[ 10M is way way too much for a power FET gate resistor. Go with 100k or less ]
You're just seeing the large capacitance between gate and source, typically in the nanofarad range,
larger for higher power and higher voltage FETs. The symbol for a FET explicitly draws the capacitor
if you look at it (typically most of the capacitance is to the source, a small fraction to the drain).
When the switch opens the load resistor pulls the FET drain/channel/source down from 6V to 0V
pretty much instantly, so the probe point also drops 6V instantly due to the capacitance. The fact
the probe point drops from 6V to 3.6V while the button is pressed is due to the loading by the
'scope probe forming a voltage divider with the 10M resistor.
Your other MOSFETs probably have too much gate leakage current for the effect to show (this might
mean they've been subject to degradation through static electricity, although they might just have
higher leakage current as per datasheet). The gate leakage is in parallel with the 10M resistor.
Those parts are mentioned on his image. Anyways, with an order of magnitude higher capacitance of at least 10,000pF combined with 10MΩ gives a time constant of 100ms (quite slow). Switching to a 2.2K resister lowers this to 0.022ms or 22µs.
Perry, i am measuring between Gnd ( the battery negative terminal) and the gate of the mosfet. (using a very basic oscilloscope) +thanks for the Karma.
Sorry MarkT for confusion on which mosfet it was, i have attached the datasheet(hopefully attached now). Ive used both Part NO. (IPP80P03P4L-04) and the Marking on the FET itself (4PO3L04) in my post above.
Both solutions of using 100k pullup (instead of 10M) and schottky diodes have solved the negative voltage spike, thanks, but i still dont understand how the voltage is negative without some inductance somewhere?
It does appear this mosfet has a far larger gate source capacitance, but i still cant see why the voltage spike would be negative?
I can send someone (in the UK) one of the mosfets to try themselves? if they want.
I think i understand this a bit better now, thanks dlloyd and everyone else.
The circuit which i destroyed the microcontroller is shown below (simplified a bit) and i think the negative charge in the gate of the mosfet (- Vcc voltage) was discharged throught digital pin 9 in my case (to ground or Vcc im not sure).

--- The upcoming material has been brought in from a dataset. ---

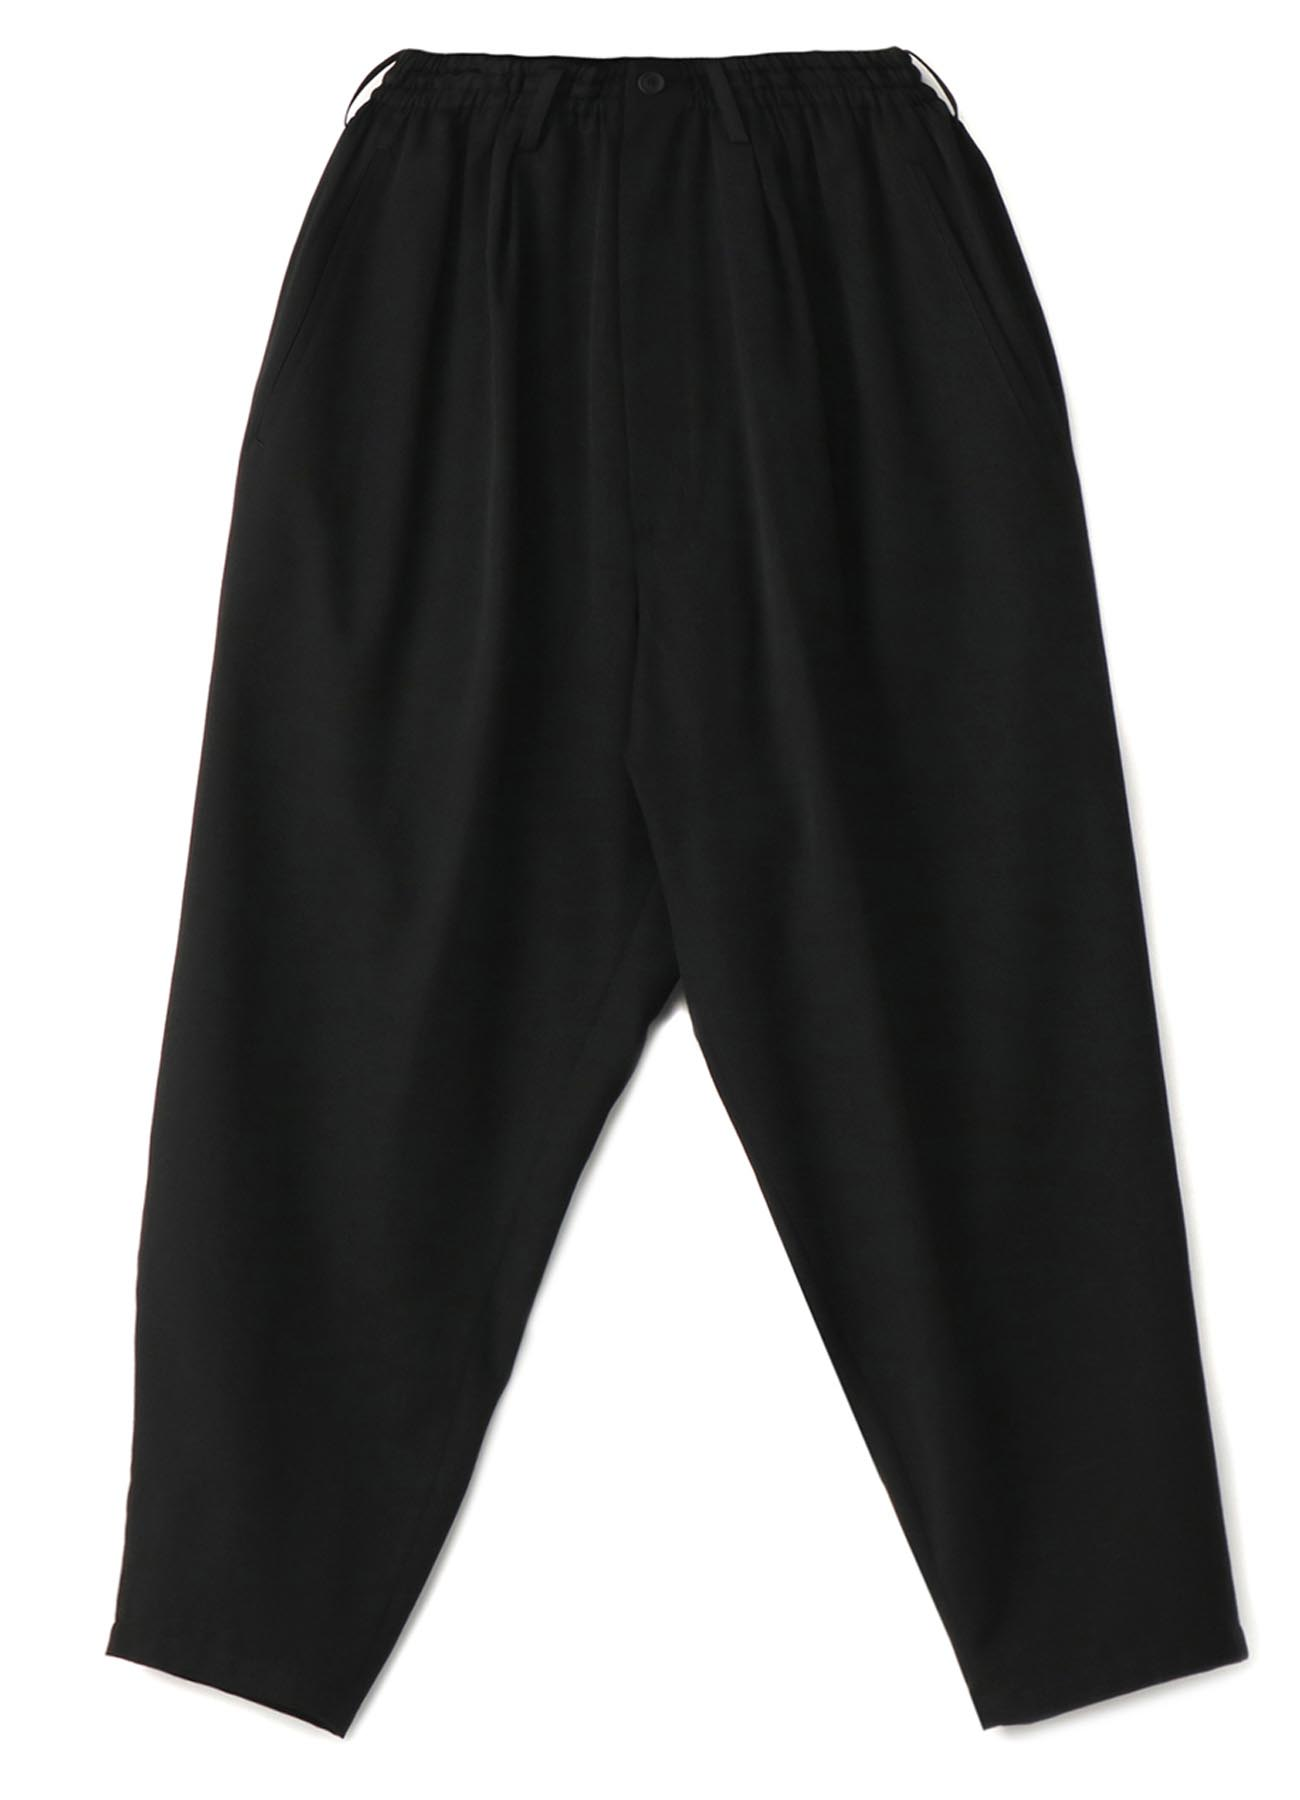 W/GABARDINE STRING PANTS

Do you think this was the cause of the failure? (i may have just wired it up wrong... twice)
To improve this circuit, taking your recommendations into account, ive drawn a circuit in Figure 2. Putting in a 2.2K pull up resistor and a schottky diode between gate and ground.
However, the negative voltage can still go through digital pin 9 to Vcc if the microcontroller is pulling-up at the time the switch is open? When the microcontroller is pulling to Vcc there is little resistance and the charge would go through the microcontroller rather than the 2.2k resistor? Would this cause damage to the uC?
In your figure 2, I would recommend a 220 ohm series resistor to limit the gate current and help protect D9.
I see you're using this as a high side driver to control a relay coil ... note that it's much more common to use a low side driver using an N-channel MOSFET like this:
Im using a 2N222 NPN transistor to switch the base of the P channel mosfet, this will hopefully eliminate the chance of negative voltage charge getting to the uC. (as the NPN transistor shouldnt allow the charge to go flow to the base)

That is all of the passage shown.